Swoner has been a clear underdog from the beginning. Early on people tried to talk her into getting out of the race, out of fear that she would split the vote. I think its commendable that she ignored these voices and just went to work. She’s been tirelessly canvassing and based on her money report seems to be making headway. She is teacher centric and supports policies that are good for all, not just some. At a time when teachers could use a friend….
I endorse: Pam Swoner
District 6 is next on my list. This one has Tyrese Hunter challenging current board chair Cheryl Mayes. What’s interesting here is that Hunter has received the least of the charter supported candidates, $27,372, yet is outwardly the most supportive of charter schools. It’s baffling to me that the schools she supports are mostly of the longer days, more discipline ilk. They are made up of primarily minority students and are markedly different then the schools attended by more affluent students.
I asked John Little, who’s working doggedly on her campaign and who’s a friend, why she would support sending minority children to a school that teaches, eyes front, pay attention don’t talk out of turn while white children populate schools where they are encouraged to be creative and think outside of the box. What does he think the effect would be when the two demographics left school with two different skill sets? Who were going to be the worker bees and who were going to be the overseers? He didn’t have an answer, but I encourage you to ask that question when casting your vote.
Cheryl Mayes, again knows her district and is extremely accessible.

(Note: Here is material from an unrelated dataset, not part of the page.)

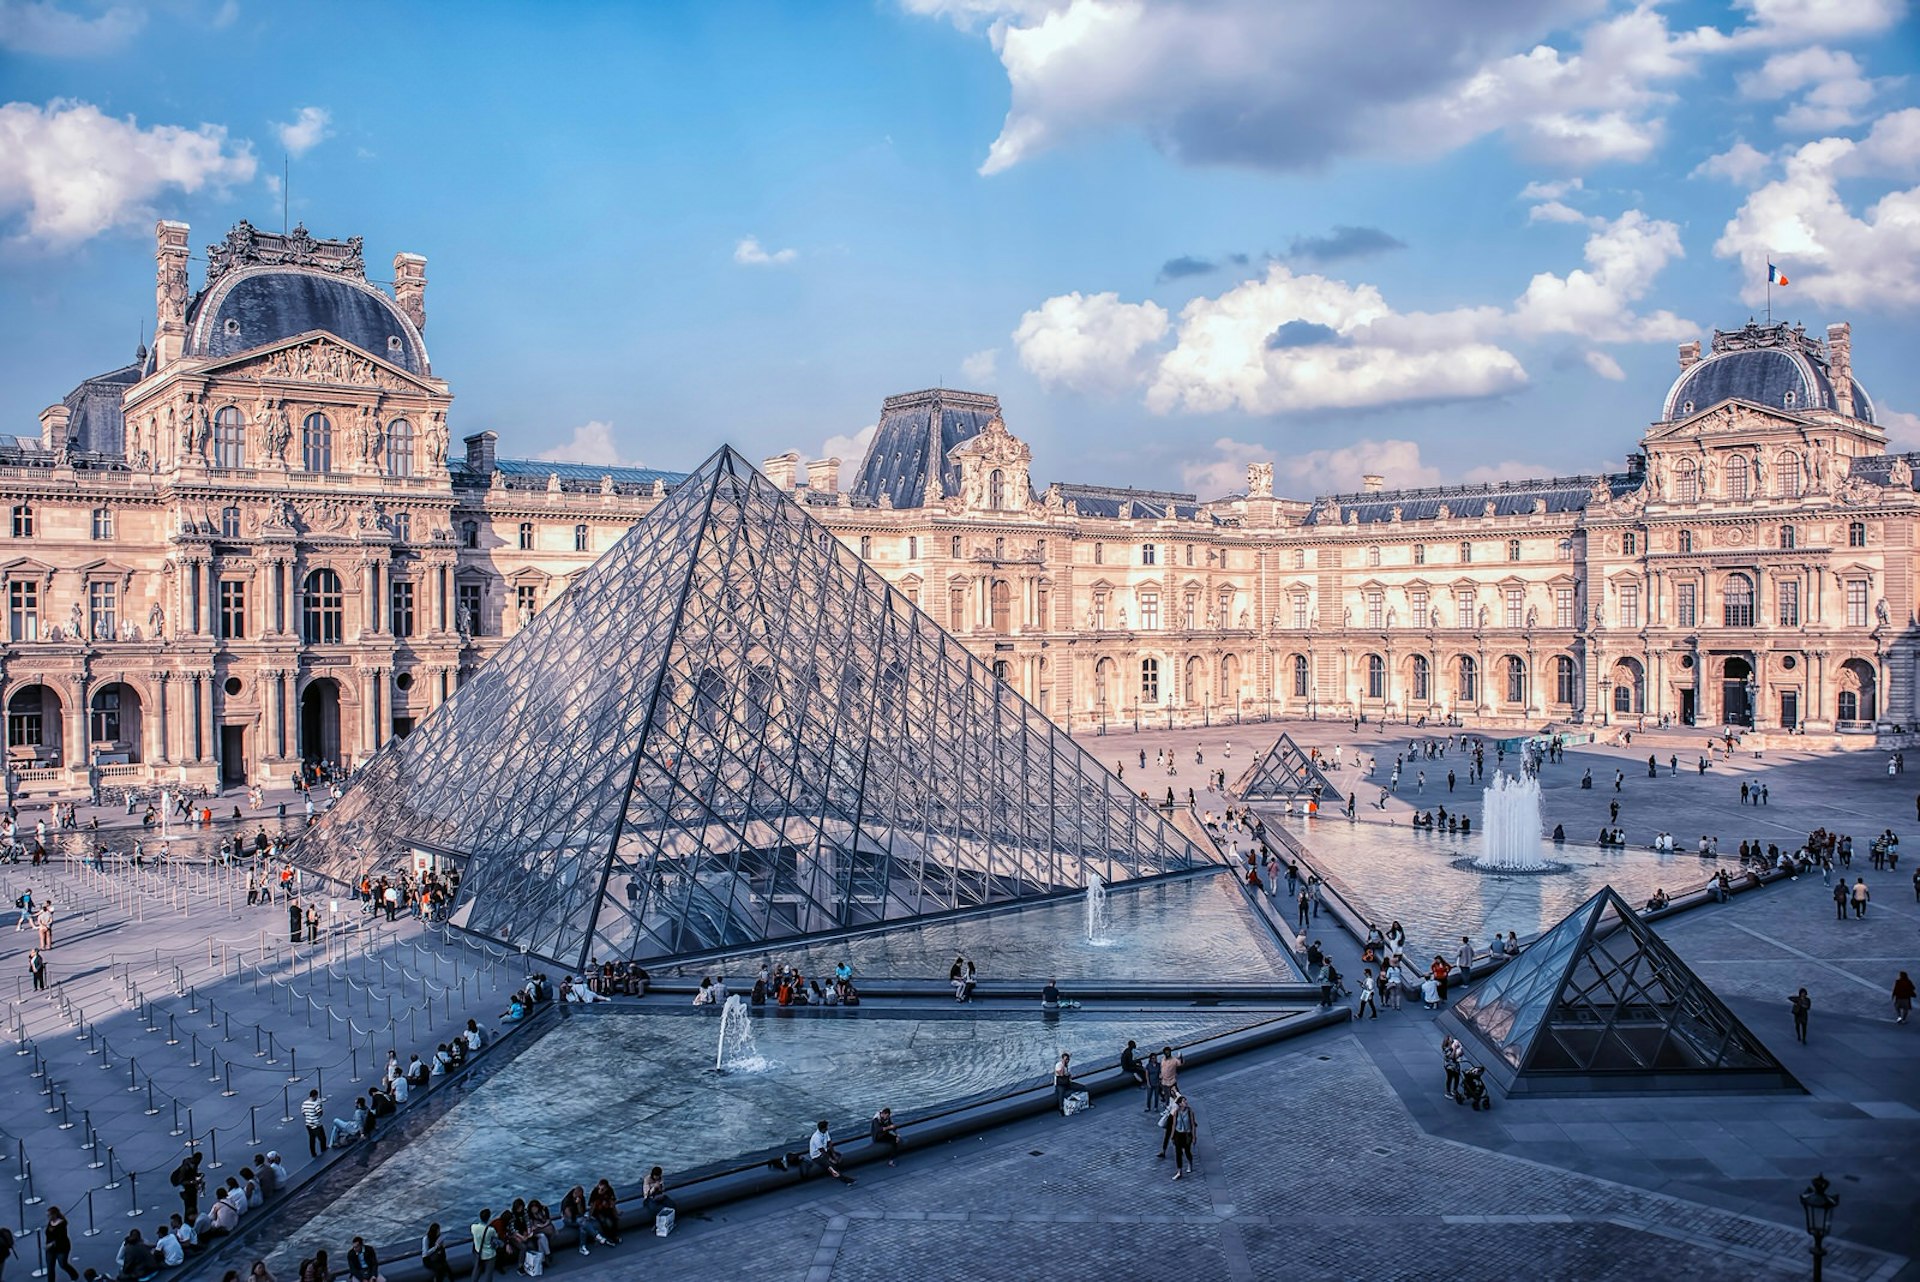 Large glass pyramid that serves as the entrance to the Louvre in Paris, France
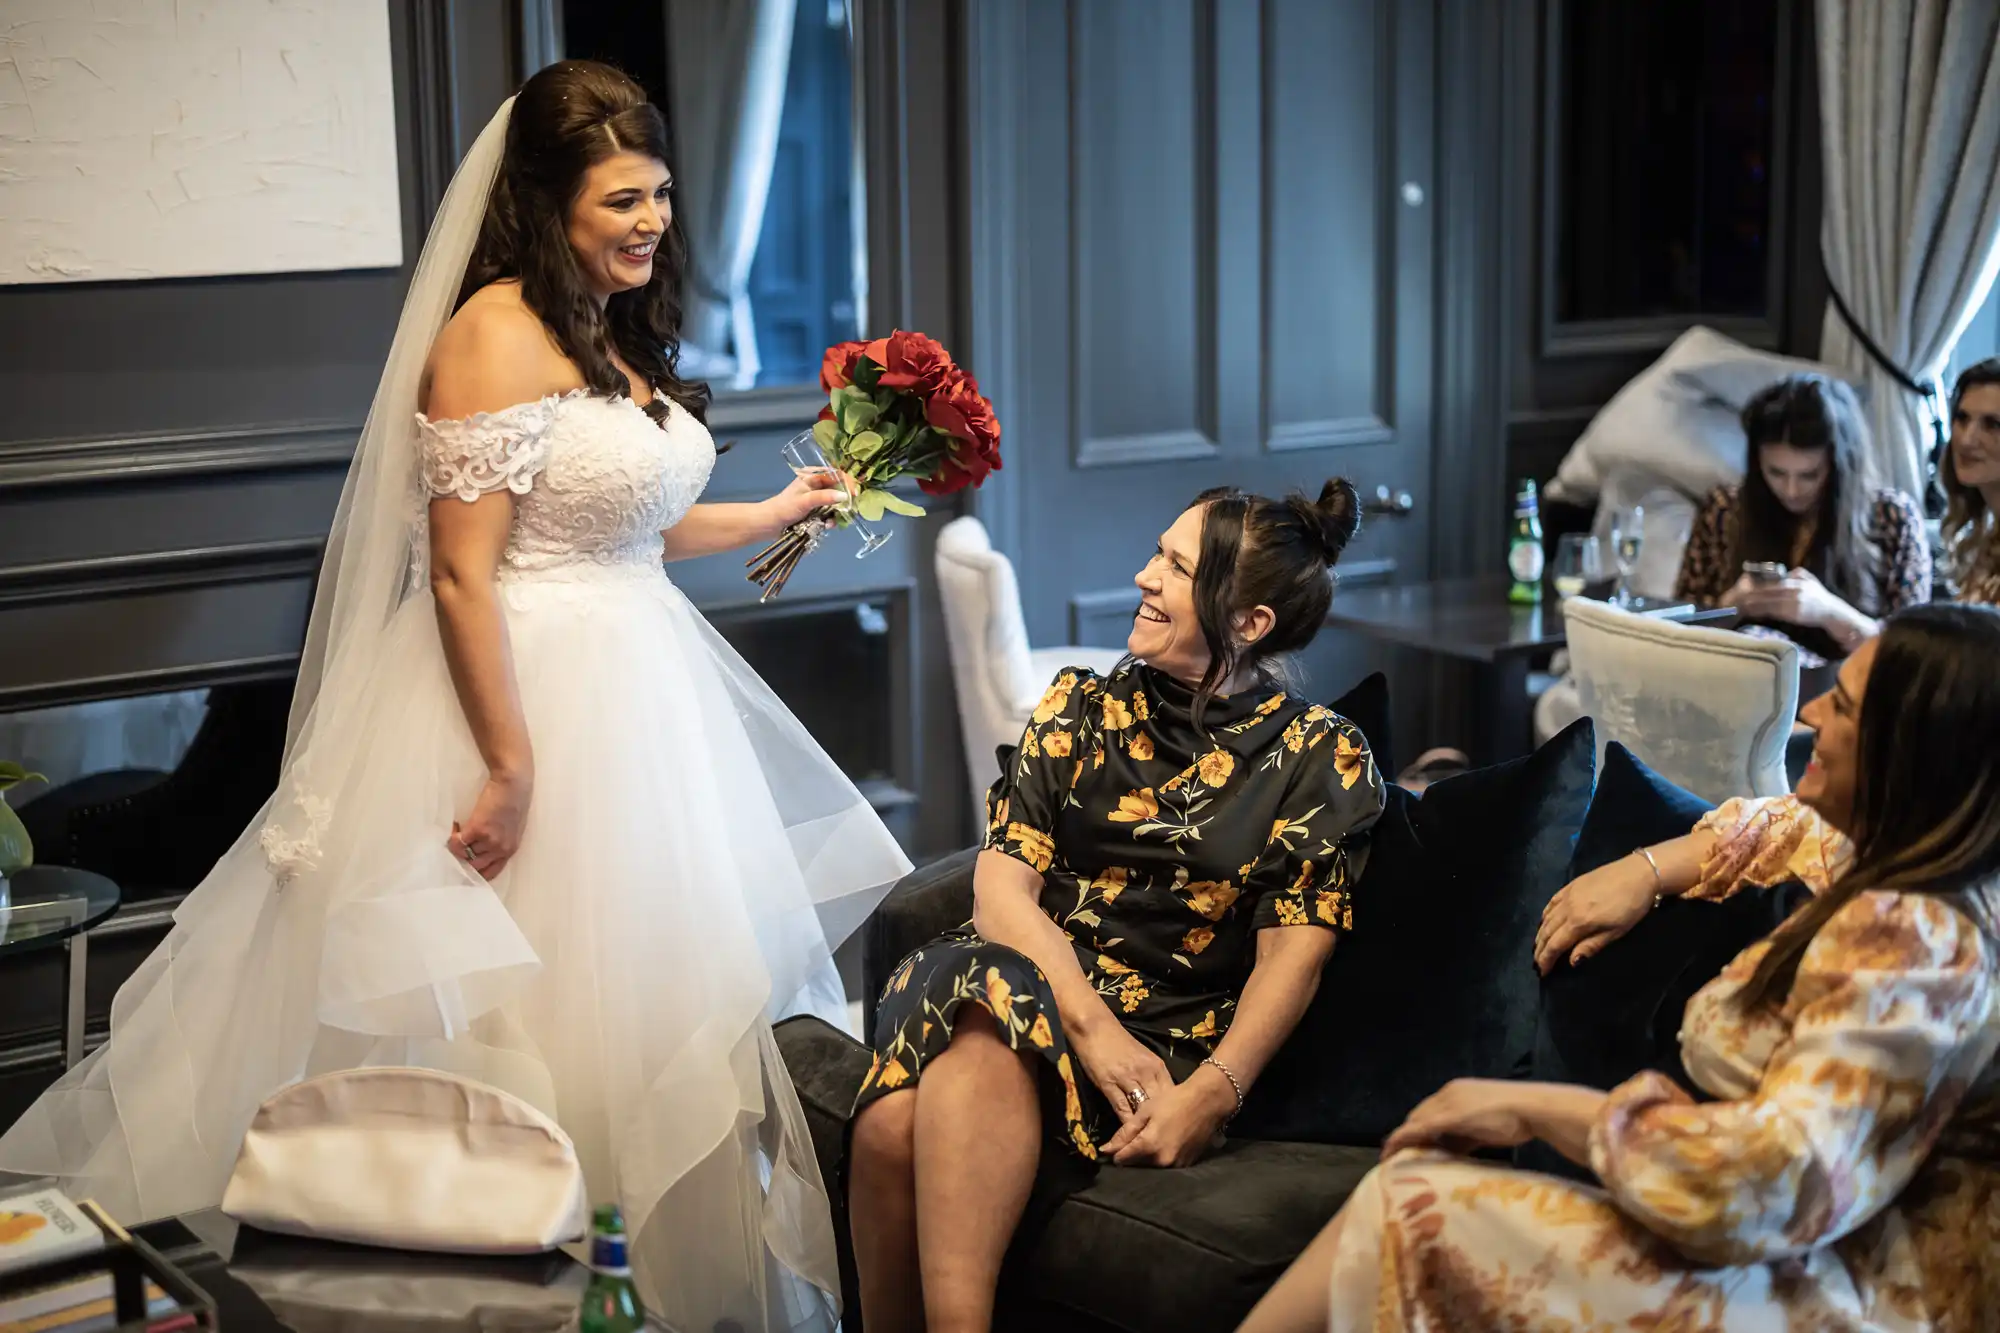 A bride in a white dress and veil holds a bouquet of red roses while talking to two seated women. Others are visible in the background, including a woman using a smartphone.

She’s exhibited balanced leadership during a very tumultuous time. I don’t always agree with Ms. Mayes but I certainly respect her. She deserves another term.
I endorse: Cheryl Mayes
Lastly, but certainly not least, is district 8. The land of the big money. This district alone has raised over 100k between the two candidates. The incumbent in this district decided not to run, so we have two first timers. Mary Pierce has raised $66,620 while Becky Sharpe has raised $42,070. While its a little more difficult here, I think you can figure out who has the love of the reform crowd.
Watching this race is like watching a college football team compete against an NFL team. Ms. Pierce is personable, engaging, and energetic but Ms. Sharpe is just deeper and more concrete. The skills that she brings to the table are nothing short of jaw dropping. I once heard someone say that if you have to explain why someone is a hall of famer…they’re not. That axiom applies here. Ms Sharpe’s credentials require no explanation. On re-evaluation, this is like watching a Teach for America Corp member teach next to a seasoned teacher.
I endorse: Becky Sharpe
So there you have it. That certainly took a little longer then I anticipated, but hopefully was worth it. Keep in mind that even if you don’t have children in the school system this race is important. The children of today are the shapers of tomorrow. Your future quality of life is directly dependent on the quality of citizens developed. Parties fueled by self interests are obviously trying to buy the outcome. I’d ask why? Push back. Do your due diligence and most importantly vote.